Getting to know…Current-Use Pesticides

Current-Use Pesticides Checklist

  • Geographically widespread in the estuary
  • Transported from yards, gardens, agricultural fields, and horticultural sites in stormwater or irrigation runoff
  • Dissolve in water, tend not to bioaccumulate in organisms
  • Toxic to salmon prey, sublethal effects on salmon behavior and health
  • Effects can be additive or synergistic (more than the sum of the parts)

What Are They?

Organophosphate, carbamate, triazine, and urea pesticides are commonly used in agriculture and horticulture and on lawns and gardens. They are water-soluble, meaning that they dissolve in water and are readily taken up by organisms. Water-soluble pesticides can be broken down into more benign components and tend to have shorter term, more acute health effects than bioaccumulative toxics.

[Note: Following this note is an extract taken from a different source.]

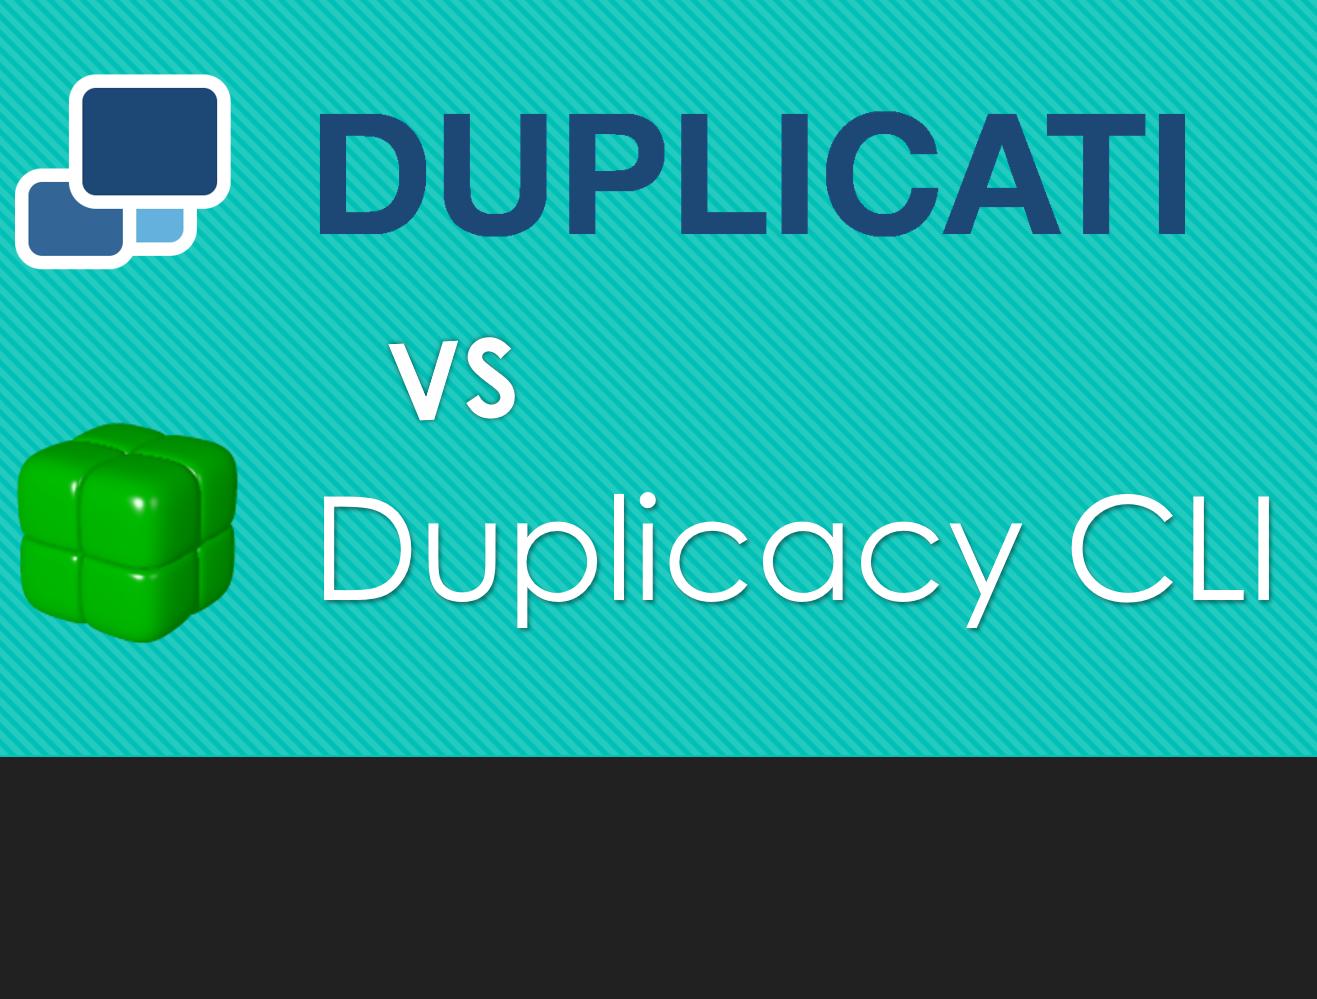 duplicacy

Lindane, known also as γ-hexachlorocyclohexane or HCH, is an organochlorine pesticide that currently is used to control wood-inhabiting beetles and to treat people for fleas, lice, and scabies. Lindane recently was banned for use in agriculture because it is a suspected carcinogen, but pharmaceutical use is still allowed. Lindane is moderately water soluble and can accumulate in sediment.

Examples

  • Organophosphates: diazinon, chlorpyrifos, CIAT, ethoprop, malathion, 1-naphthol
  • Carbamates: carbaryl, carbofuran, EPTC
  • Triazines: atrazine, prometon, simazine
  • Ureas: diuron, 3,4-dichloroaniline

Current-Use Pesticides in the Estuary

Current-use pesticides and their breakdown products have been found in river water at sites throughout the Columbia River estuary, from just below Bonneville Dam to the river’s mouth near Astoria. In a recent study, the most frequently detected pesticides were atrazine, simazine, and metolachlor, followed by CIAT, EPTC, DCPA, and diuron (Lower Columbia River Estuary Partnership 2007). Detections were most frequent in the lower Willamette River, which receives both agricultural and urban/industrial runoff.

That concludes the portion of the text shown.